Look below for the line with "Adventsfenstersingen-2023-Plakat-WEB". Retype it and every line after it to the end, exactly, but leave out the pictures.

━━━ Supplied material ━━━

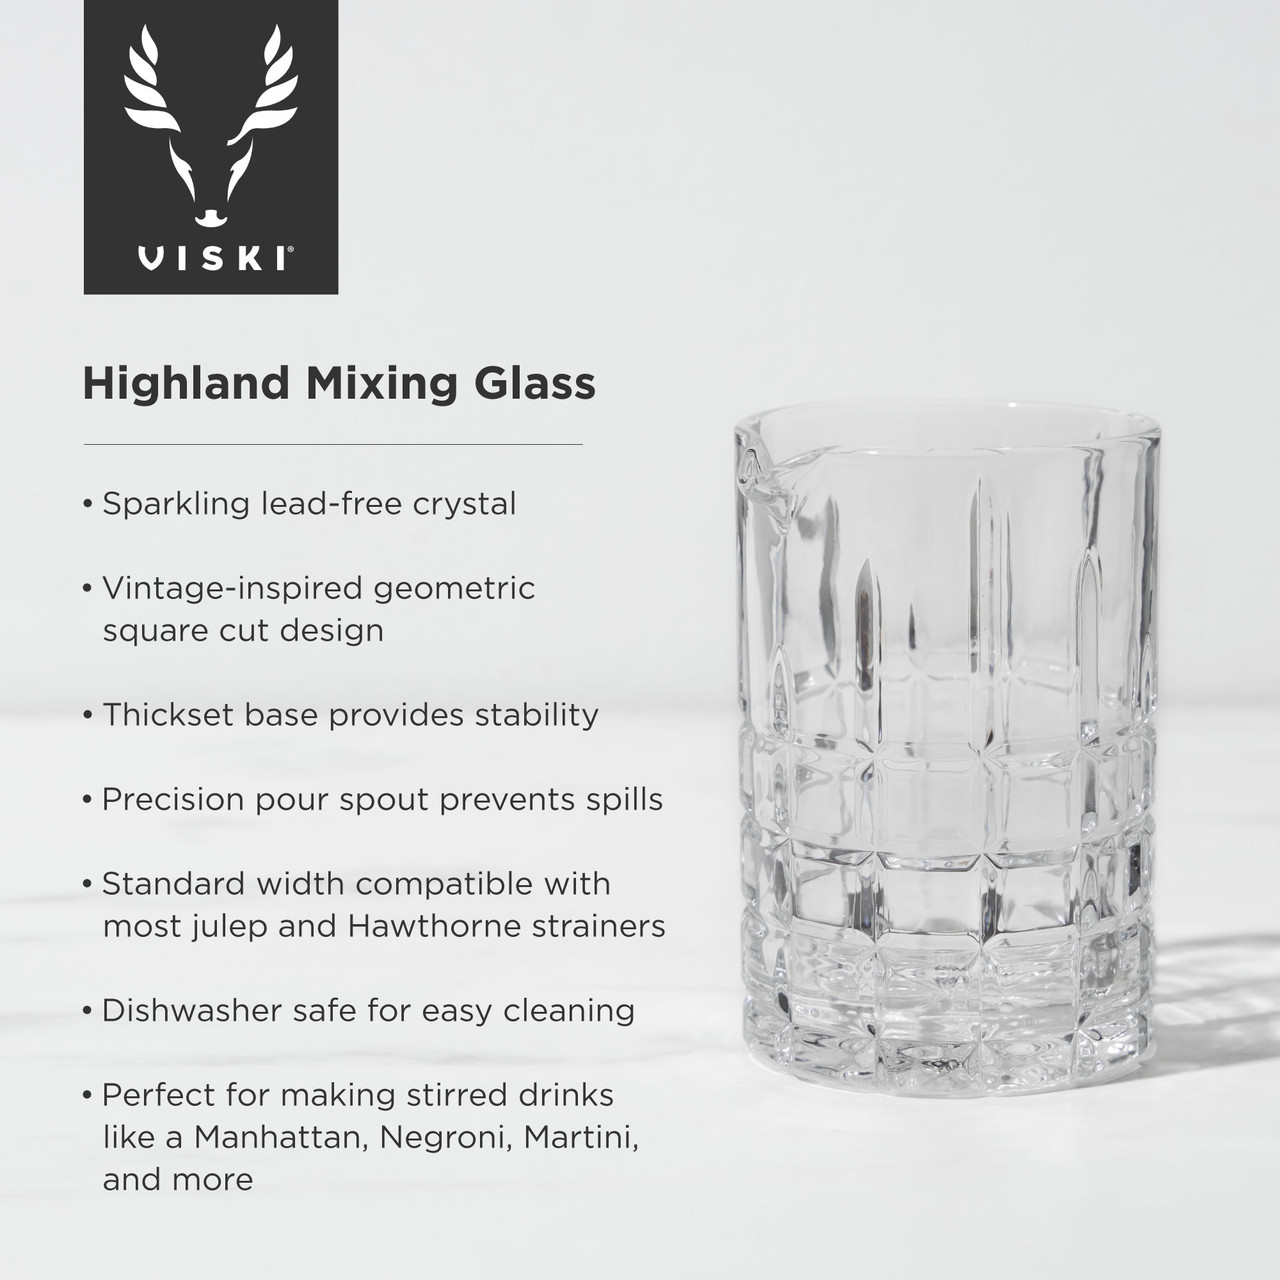 Highland Mixing Glass by Viski
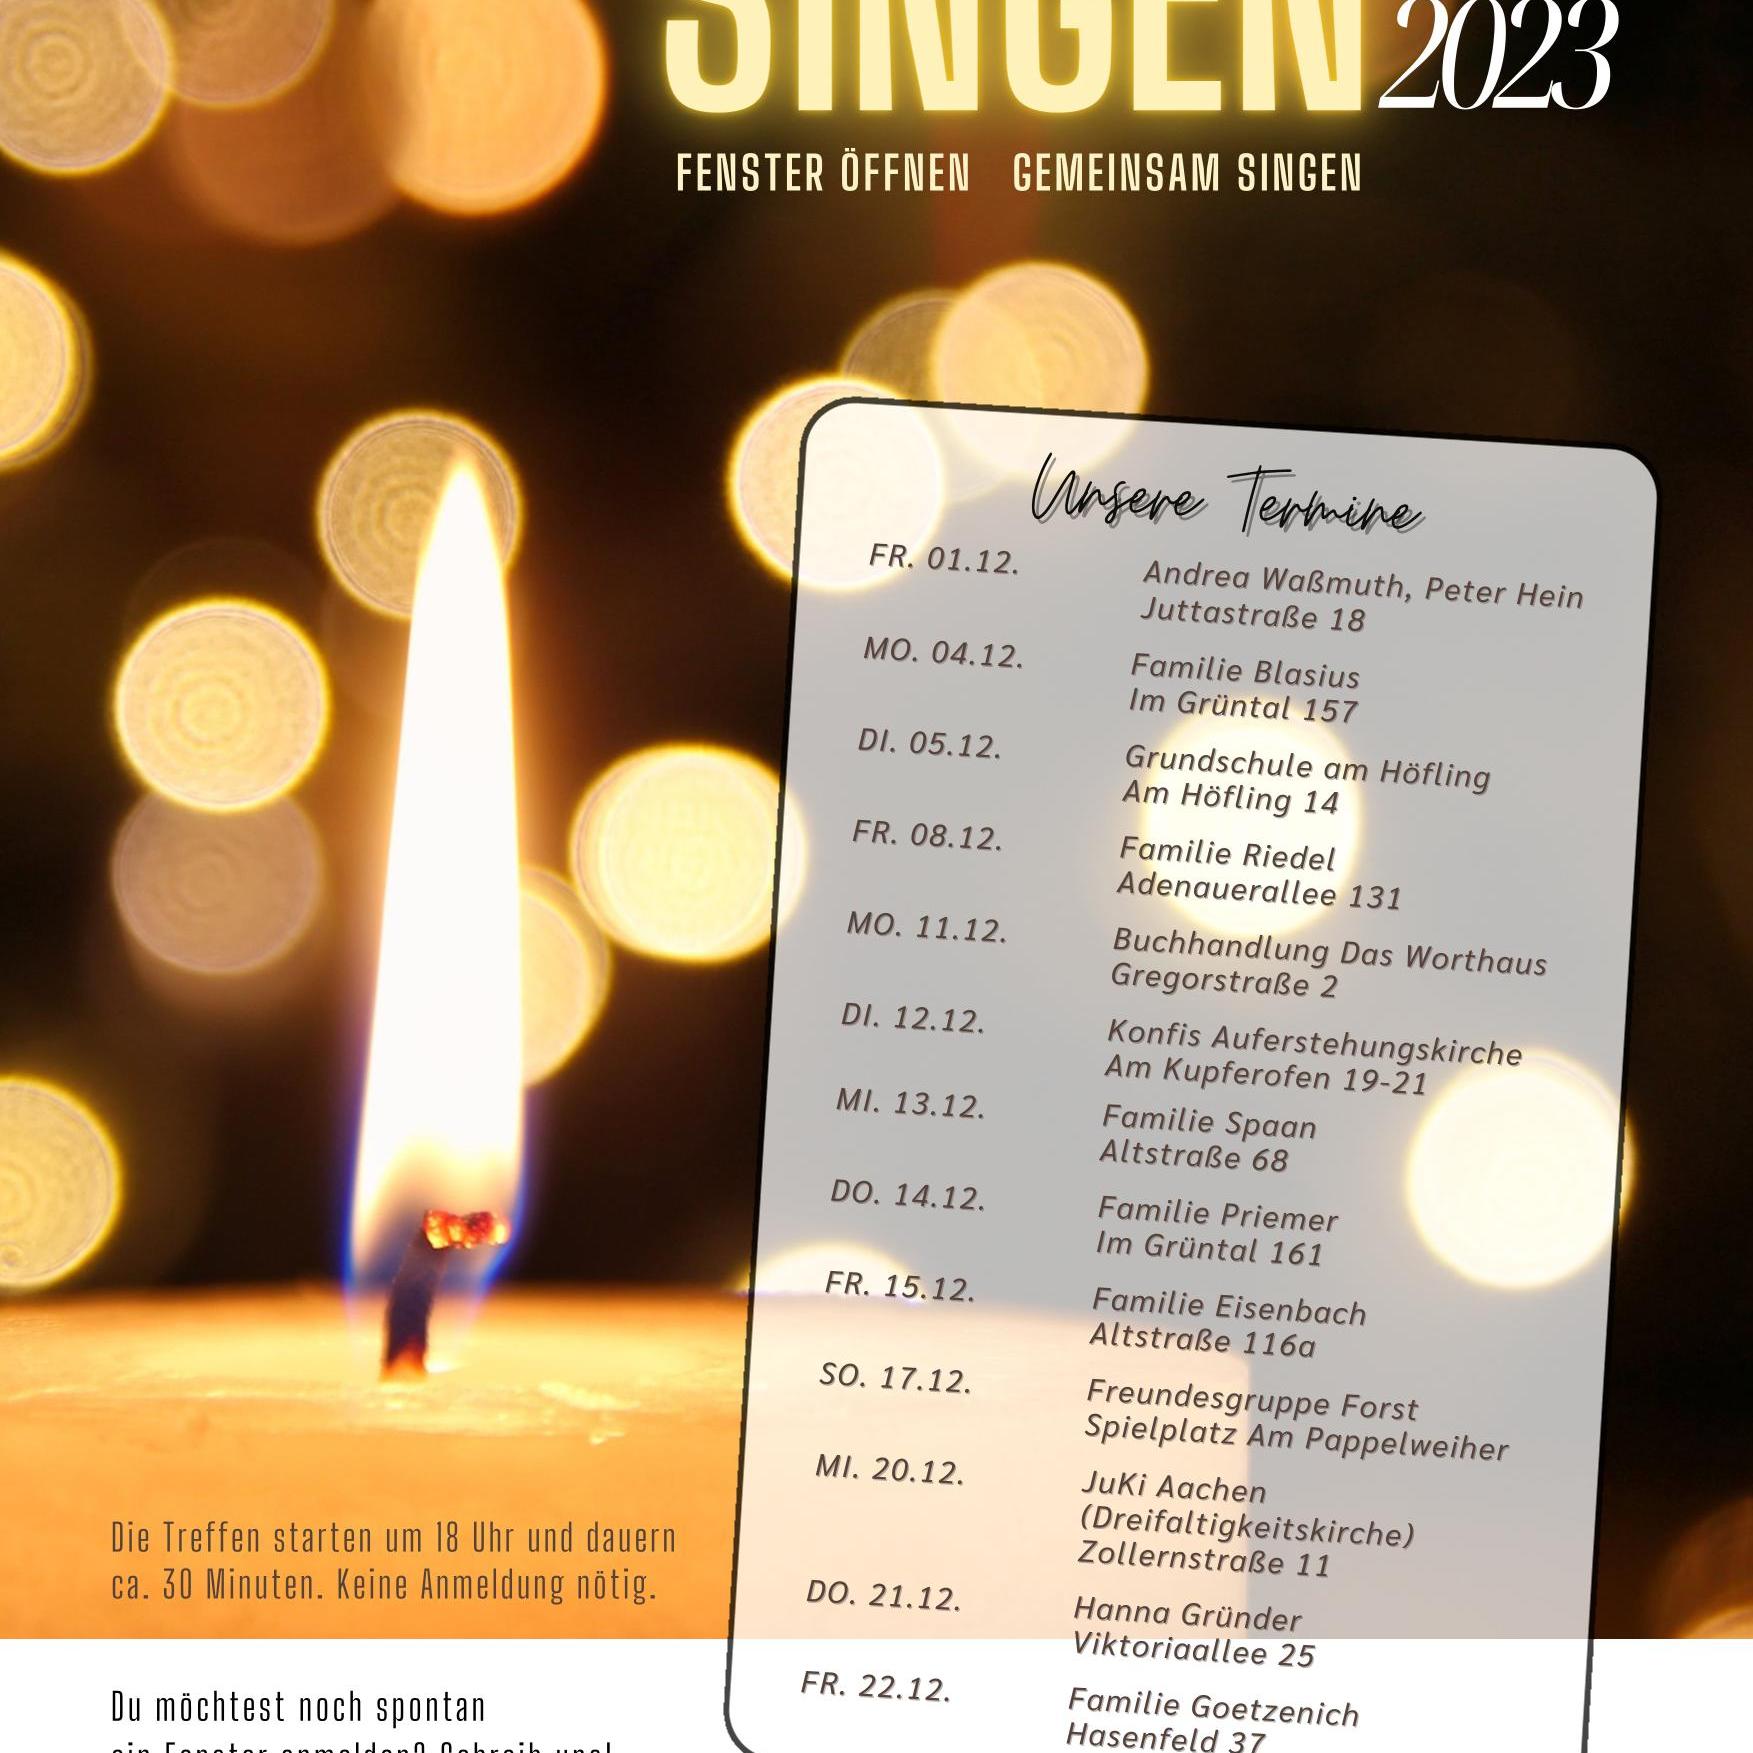 Adventsfenstersingen-2023-Plakat-WEB
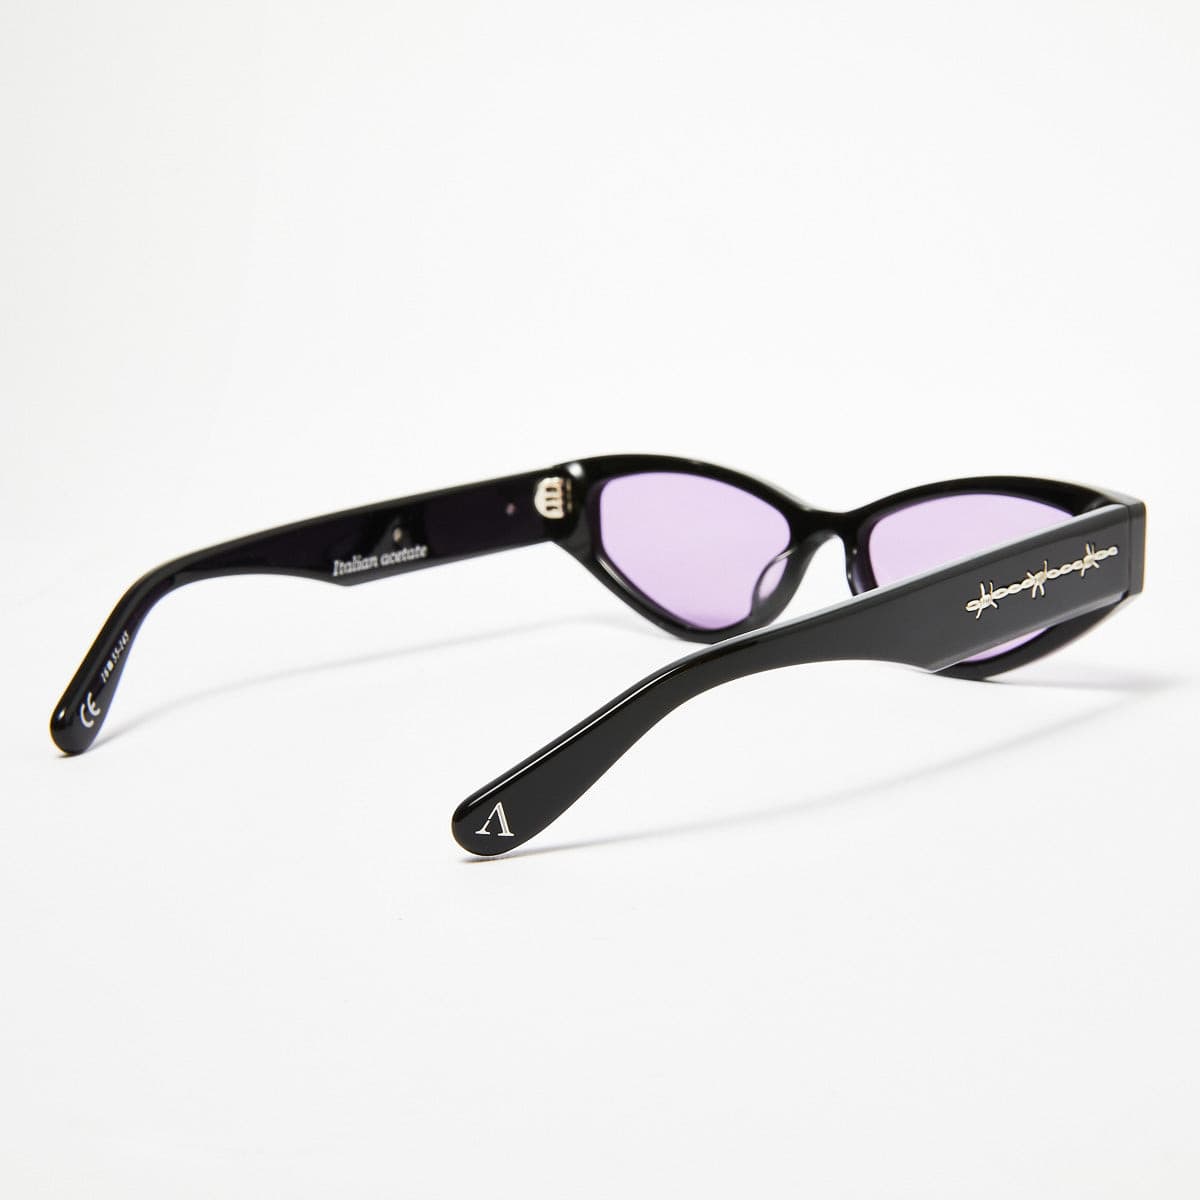 THORNE - Black Polished Frames / Purple Lens ŁEOIDE

━━━

_Response to the task_:
 Adventsfenstersingen-2023-Plakat-WEB
 THORNE - Black Polished Frames / Purple Lens ŁEOIDE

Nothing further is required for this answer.